Assume you wish to remove an Airbnb listing with a specific name. The name of the listing will be included in the query parameter. You can write a function to remove a listing with a specific name from the database.

async function deleteListingByName(client, nameOfListing) {

    const collection = client.db(“sample_airbnb”).collection(“listingsAndReviews”);

    const result = await collection

            .deleteOne({ name: nameOfListing });

    console.log(`${result.deletedCount} document(s) was/were deleted.`);

}

Let’s imagine you wish to remove the “Cozy Cottage” Airbnb listing you made earlier in this section. By giving a connected MongoClient and the name “Cozy Cottage,” you can call deleteListingsByName().

await deleteListingByName(client, “Cozy Cottage”);

The output of running the command above is as follows.

1 document(s) was/were deleted.

Delete Multiple Documents 

You might want to remove multiple documents at the same time. In this scenario, you can utilize the deleteMany() method of collection. deleteMany(), like deleteOne(), requires a query object to be passed. You can also choose to include type object options.

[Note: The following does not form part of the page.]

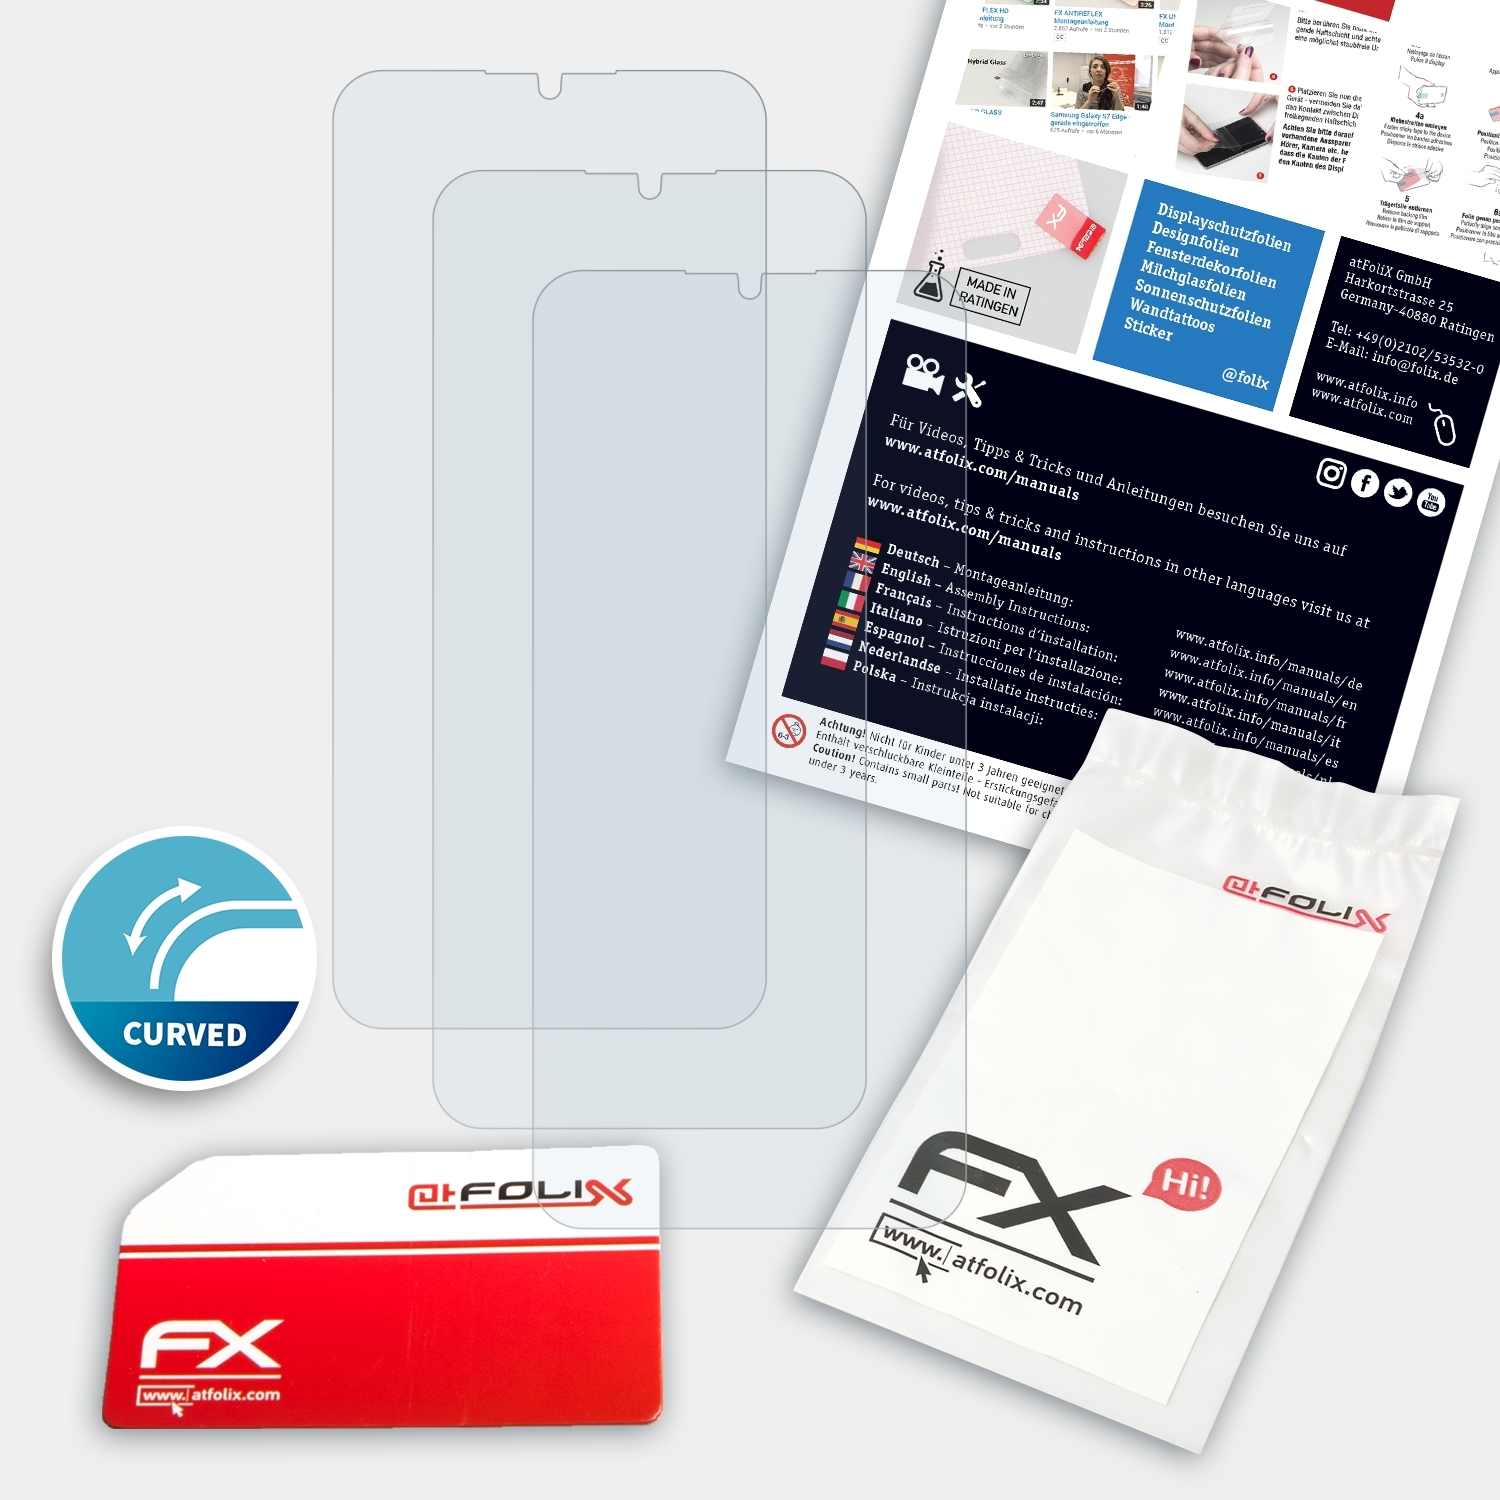 Oppo Displayschutz(für 5 3x Realme ATFOLIX Pro) FX-ActiFleX
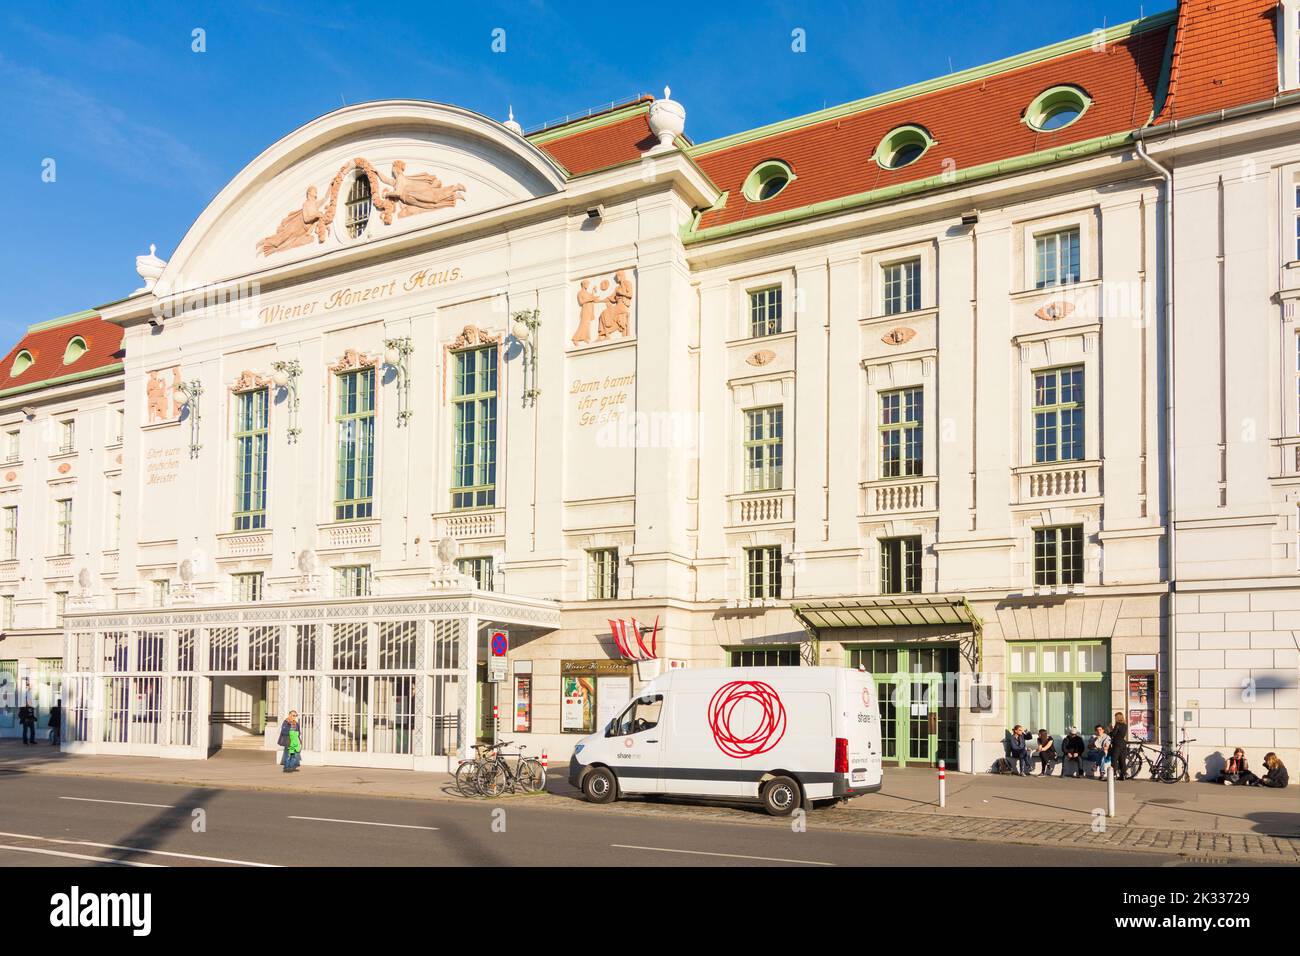 Wien, Vienna: Wiener Konzerthaus (Vienna Concert Hall) in 03. Landstraße, Wien, Austria Stock Photo

Assume you want to get rid of documents that haven’t been updated in a while. With a query that searches for documents scraped before a certain date, you may run deleteMany(). The following is an example of the function.

async function deleteListingsScrapedBeforeDate(client, date) {

    const collection = client.db(“sample_airbnb”).collection(“listingsAndReviews”);

    const result = await collection

        .deleteMany({ “last_scraped”: { $lt: date } });

    console.log(`${result.deletedCount} document(s) was/were deleted.`);

}

With a connected MongoClient and a Date object instance that represents February 15, you can execute deleteListingsScrapedBeforeDate() to delete listings scraped prior to February 15, 2019.

await deleteListingsScrapedBeforeDate(client, new Date(“2019-02-15”));

When you run the command above, you’ll get the following output.

606 document(s) was/were deleted.

Our collection now only contains documents that have been scrapped recently.

4) Read

Read Single Document 

Let’s start by searching the listingsAndReviews collection for an Airbnb listing by name.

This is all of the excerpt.